By Amy Sherman
Bread and beer are practically cousins, according to pastry chef and culinary instructor Jenni Field. “They contain the same ingredients: water, grain, yeast—and both have a maverick sensibility in the U.S.,” Field says. Unlike in Germany where the law allows for only four ingredients in beer, it’s not a crime in the States to play with your brew by adding spices of fruit or whatever else rocks your world. And it’s the same with bread. Now, creative brewers and bakers are bringing the two together for something of a family reunion.
Yeast is the catalyst that turns grains into things like bread or beer, and also adds distinctive flavors. Yeast converts carbohydrates in the form of sugar into carbon dioxide for leavening bread and alcohol for beer. But there are many different kinds of yeasts, and they each work differently. Bread is made from baker’s yeast or Saccharomyces cerevisiae. Some bakers prefer wild yeast, which forms in sourdough or levain. Brewer’s yeast is used to make beer and when deactivated can be used as a nutritional supplement. Can you bake with brewer’s yeast? You can, as Field documents on her blog. It turns out, you can also brew beer with bread—a brewing method that dates back thousands of years to ancient Egypt.
Beer Bread and Bread Beer
Avalon Cafe and Bakery in Detroit and Avalon Cafe and Kitchen in Ann Arbor, Michigan, offer a Jolly Pumpkin Eye of Horus ale brewed with 10 pounds of Avalon bread, dates, honey, coriander and ginger. In turn, partnering with breweries to make bread is nothing new to Avalon International Bread. The bakery partners with Grizzly Peak Brewing Company to make Rockin’ Red Ale Beer Bread, a malty, smooth bread made with beer instead of water. Jackie Victor, one of the founders and owners of Avalon, explains that the beer has a leavening effect but also adds complexity of flavor—maltiness and bitterness.
Another way bakers collaborate with brewers is by using their “spent” grains. The making of each six-pack of beer leaves the brewer with a pound of soaked grains, such as barley, wheat, rye or a combination. When Ellen King of Hewn in Evanston, Illinois, opened her bakery, she became friends with a brewer who offered her beer that came from cans not properly filled. That beer quickly found its way into her bread. Now, she also uses spent grains, explaining that after squeezing out as much liquid as she can, she folds it into the bread and reduces the liquid in the dough. King says it adds chewiness, and Field hypothesizes that because the wet grains are starchy, their gelatinized starch gives the bread a particularly silky texture.
There isn’t just one way to use spent grains.
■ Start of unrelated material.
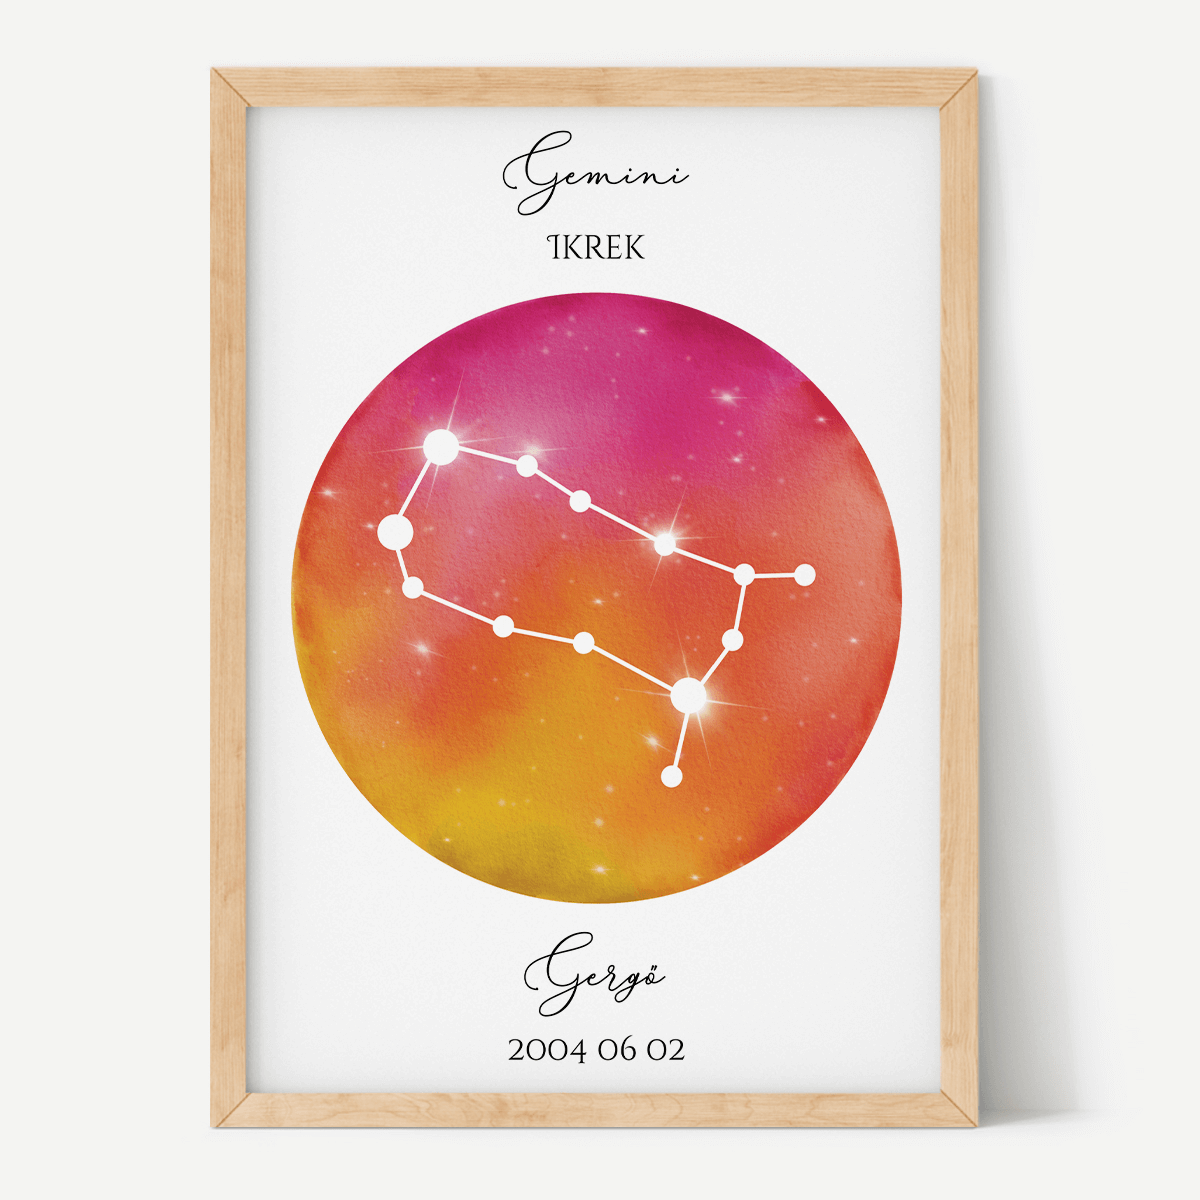 Vörös-Narancs Égbolt - Személyre szabott csillagjegyes poszter - Választható csillagjegy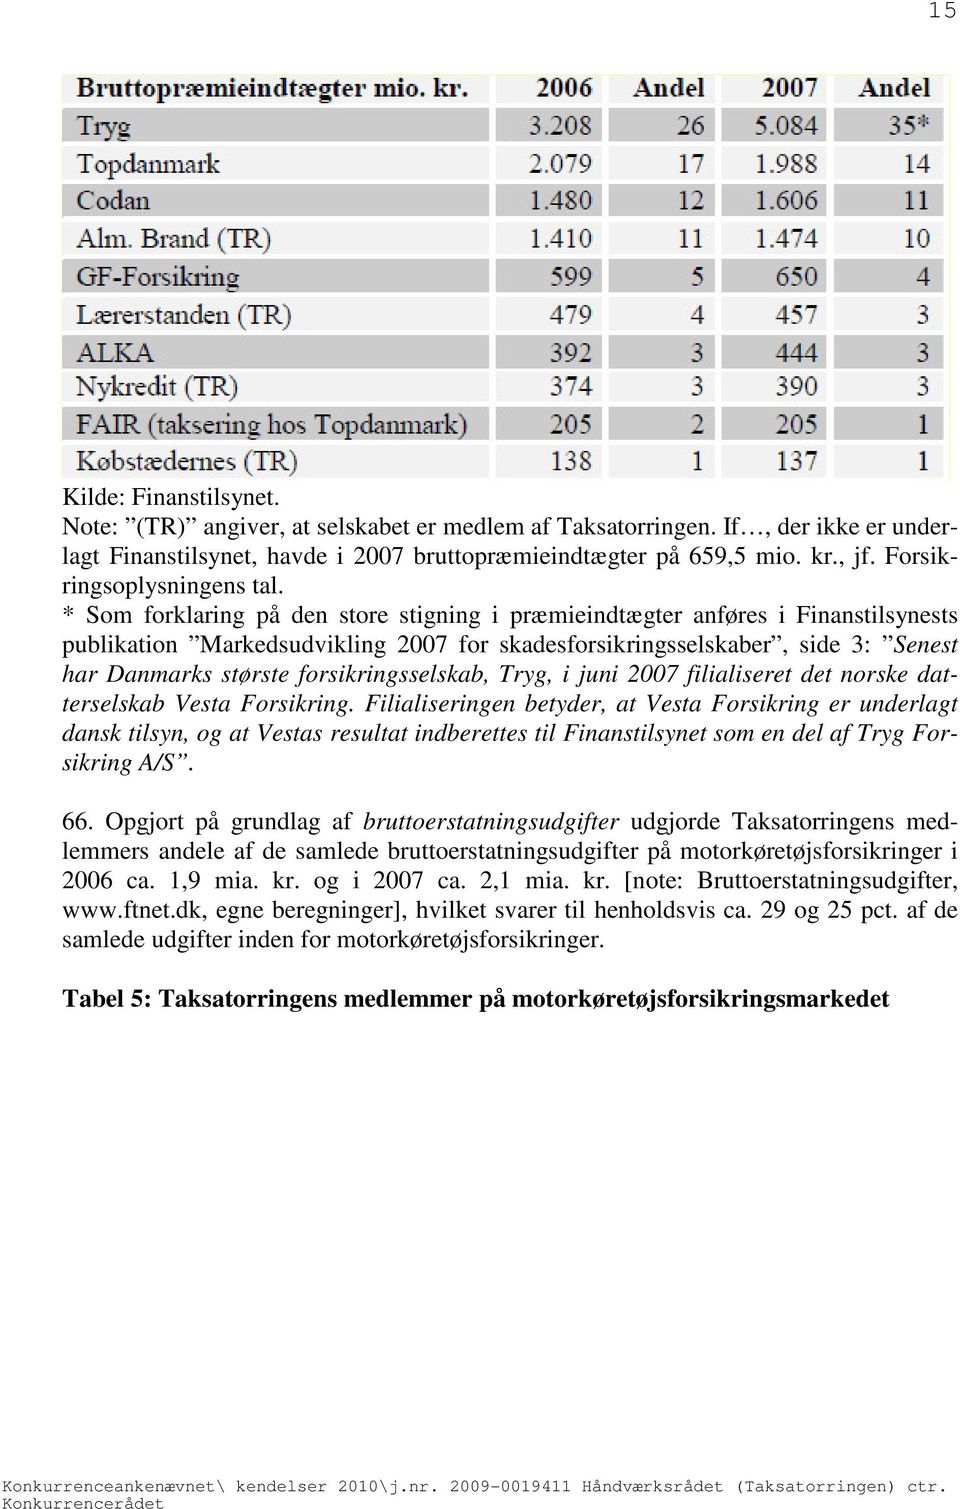 * Som forklaring på den store stigning i præmieindtægter anføres i Finanstilsynests publikation Markedsudvikling 2007 for skadesforsikringsselskaber, side 3: Senest har Danmarks største

While King squeezes them dry, Kathi Genett of Craft Brew Bread in Richmond, Virginia, freezes spent grains to maintain their texture and prevent spoilage before later using them to make bread. Marley Rall of The Brewmaster’s Bakery was inspired to use the leftover grains from her future husband’s homebrewing to make dog treats and granola. A classically trained baker took Rall under her wing, and from there, she moved on to making breads, including apple crunch loaves and Hawaiian-style sweet butter buns. Rather than using the grains whole, she processes them, drying them and milling them into flour. Rall also uses other beer ingredients like brewer’s yeast in cookies for new mothers and hops added to salt to flavor pretzels. She’s worked with close to 20 breweries and collaborates with seven on a regular basis.
Sweet on Beer
Emily Peterson, a trained pastry chef and admitted beer geek, befriended a brewer who encouraged her to use beer in her baking and also gave her fruit that had been used in beer. Her focus at Beer Geek Bakery in Tucson, Arizona, is pastries designed to pair with beer. In addition to fruit, she has used serrano chiles, hibiscus and smoked dry whiskey malt left over from the brewing process. She says, “Working with beer has helped me to pay more attention to it and be aware of what I’m tasting. It fine-tuned my palate.” She notes it has allowed her to pull back from sugar, as well. Her creations include a sunflower seed baklava cookie that pairs with a honey porter and caramel corn to pair with a sour beer made with kimchi.
ReGrained, a San Francisco-based company whose founders recently made Forbes’s 30 Under 30 list, is dedicated to bringing spent grains back into the food system. Cofounder and partner Dan Kurzrock has experimented with making bread, crackers, cookies, chips and cereal from spent grains. Though ReGrained currently sells Honey Cinnamon IPA and Chocolate Coffee Stout Supergrain bars, its real focus is on a proprietary energy-efficient way of drying spent grains and milling them into powder. Kurzrock says the milled product has an “intense whole-wheat flavor and increases fiber and protein, with prebiotic qualities and micronutrient benefits”—and, perhaps more importantly, endless possibilities.